Futaba, 2.4 miles (4km) west of the plant, has been almost deserted since the nuclear meltdown nine years ago, while other areas in the region have mounted a partial recovery after the government declared them safe for residents.
The start of the relay’s Japan leg at the end of the month is supposed to showcase Fukushima’s recovery from the world’s worst nuclear accident since Chernobyl in 1986, but some residents say their hometowns may never return to normal.
Futaba’s 7,000 residents were forced the evacuate after the March 2011 disaster, triggered by a powerful earthquake and tsunami that killed more than 18,000 people along Japan’s north-east coast and destroyed the nuclear plant’s back-up power supply.
The reopening of a 1.5 sq mile area of Futaba means reconstruction workers can stay in accommodation near the railway station, but residents will not be able to return for another two years, after its water supply and other infrastructure have been restored, according to local officials.
They will be able to enter and leave for short visits without going through security, and will no longer need to wear protective clothing, but will not be allowed to stay overnight.
While the coronavirus outbreak has prompted speculation that the Olympics could be cancelled or postponed, Japan’s government is keen to promote Tokyo 2020 as proof that the region, including Fukushima, has recovered from the triple disaster.
“I’m overwhelmed with emotion as we finally bring part of our town operations back to our hometown,” said Futaba’s mayor, Shiro Izawa. “I pledge to push forward with our recovery and reconstruction.”
The domestic leg of the torch relay is due to begin on 26 March at J-Village – a football training complex that functioned for years as a logistics hub for crews working to control and decommission the damaged nuclear plant 12 miles away.
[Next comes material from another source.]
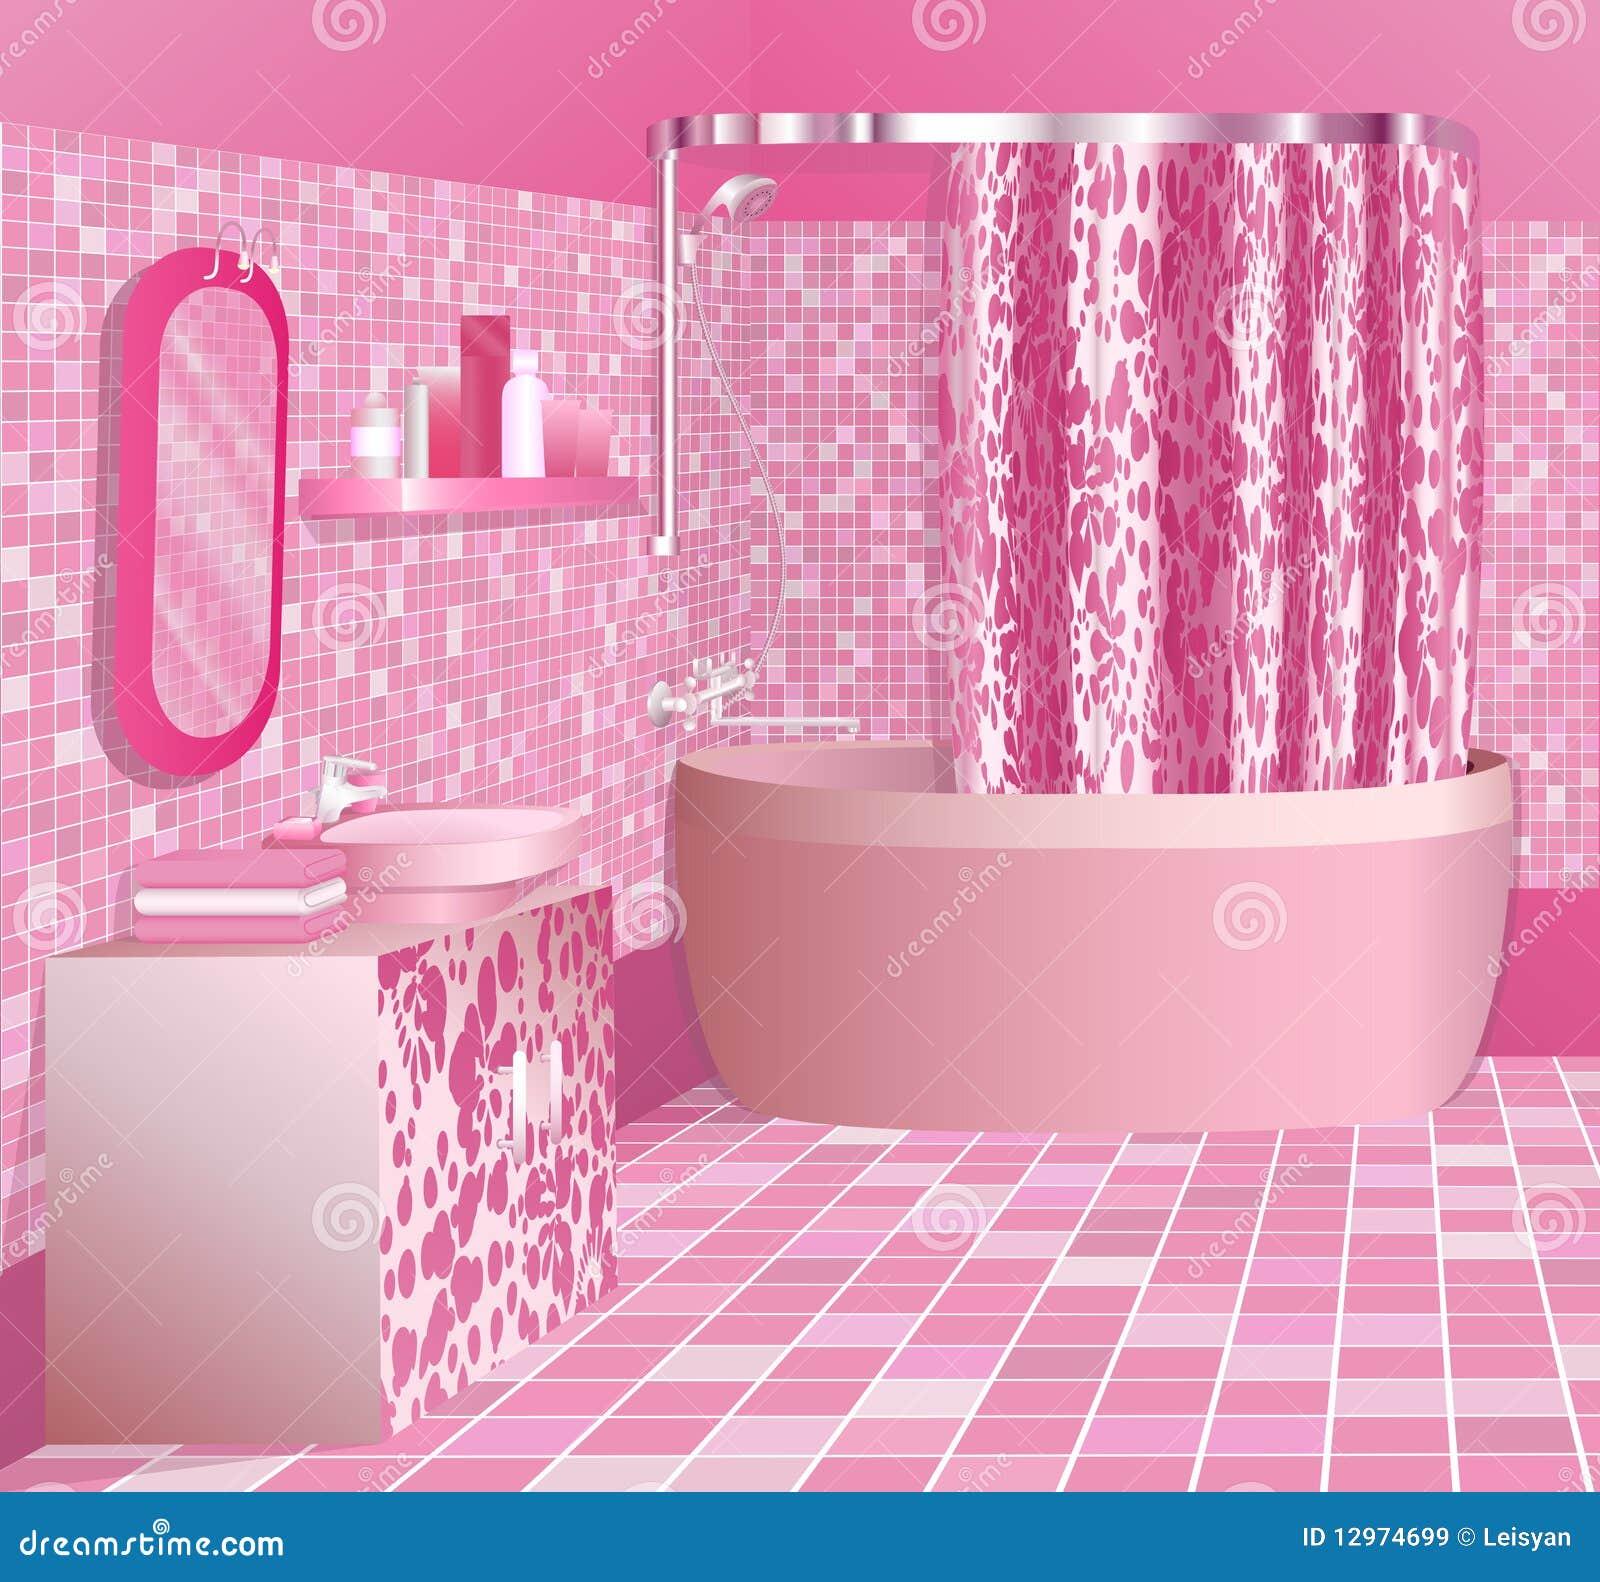 Banheiro Corderosa Luxuoso Imagens de Stock Royalty Free  Imagem 12974699 -> Banheiro Feminino Vetor Free
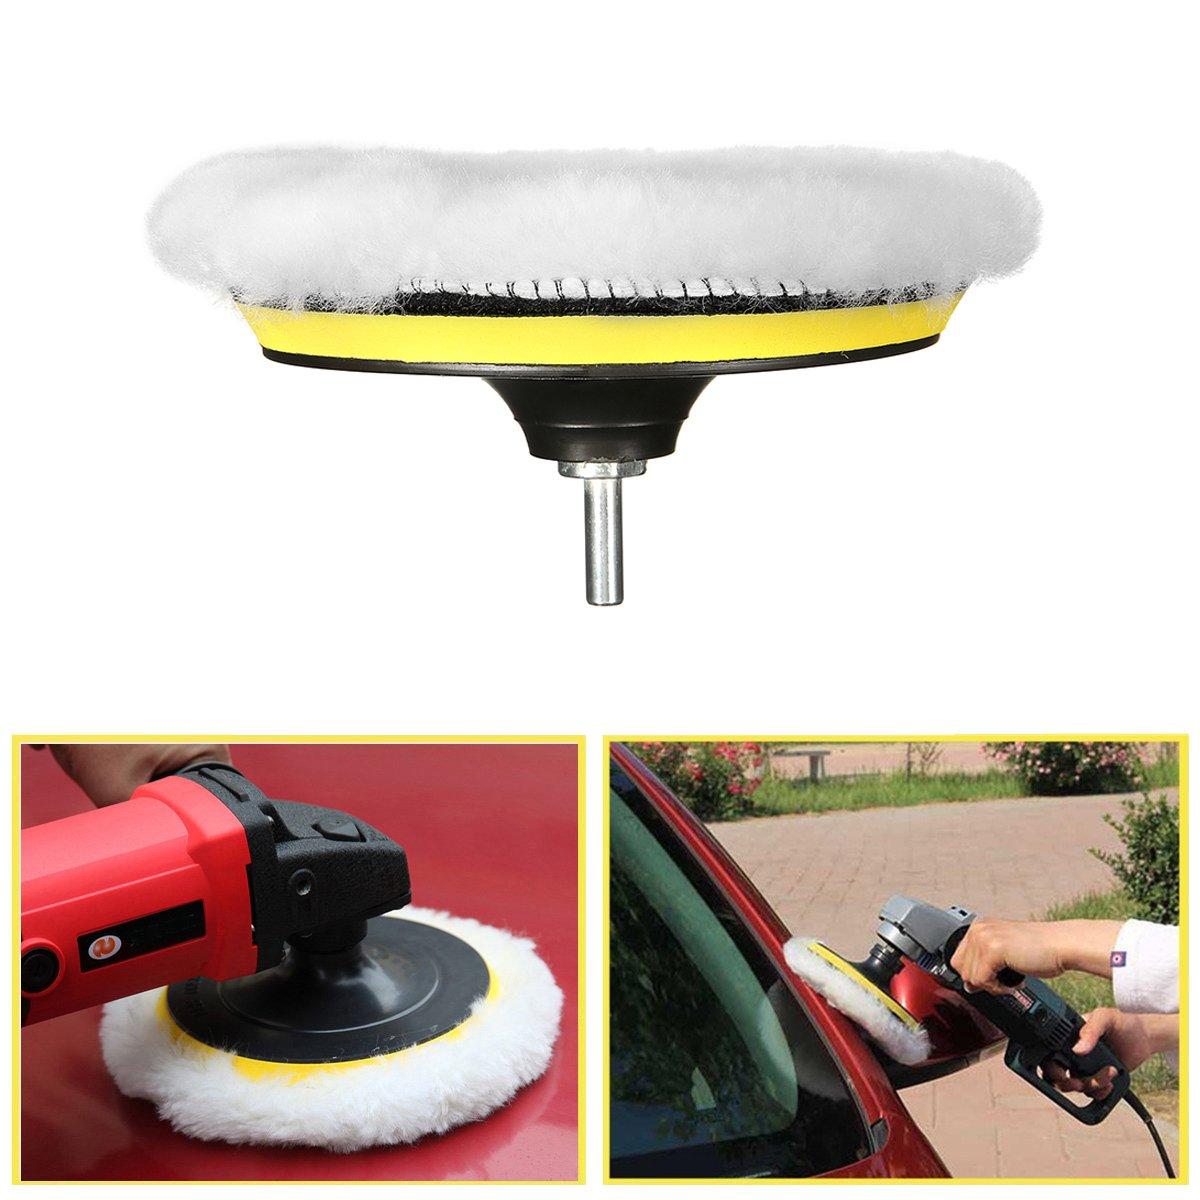 MATCC 7Pcs 6inch Polishing pads,Sponge and Woolen Polishing Waxing Buffing Pads Kits with M14 Drill Adapter, 6inchs by MATCC (Image #6)

Although organisers have said the route is subject to change, the torch is scheduled to pass through Futaba later the same day, before being taken through other parts of Fukushima prefecture over the following two days.
“In addition to building excitement across the country ahead of the Tokyo 2020 Games and promoting the Olympic values, the Olympic torch relay aims to demonstrate solidarity with the regions still recovering from the 2011 earthquake and tsunami,” the organisers said last month.
More than 160,000 people were forced to flee their homes during the Fukushima meltdown. Many have decided not to return, despite government reassurances on safety, and many of those who have are older residents.
Futaba is no exception, with just 10% of residents saying they intend to return. Some, particularly those with young children, are concerned about radiation levels, while others have built new lives elsewhere.
Yuji Onuma, a Futaba resident, said recent work to repair streets and decontaminate the town centre were designed to give the world a false impression before the Olympic torch relay.
“I wish they wouldn’t hold the relay here,” Onuma told Reuters. Pointing at workers repaving a road expected to be on the relay route, he added: “Their number one aim is to show people how much we’ve recovered. I don’t think people will understand anything by just seeing cleaned-up tracts of land.”
Radiation readings in the air taken in February near Futaba’s railway station were around 0.28 microsieverts per hour, higher than the government-set target of 0.23 microsieverts an hour.
Another part of the town had a reading of 4.64 microsieverts per hour on the same day, meaning a person would reach the annual exposure upper limit of 1 millisievert, recommended by the International Commission on Radiological Protection, in just nine days.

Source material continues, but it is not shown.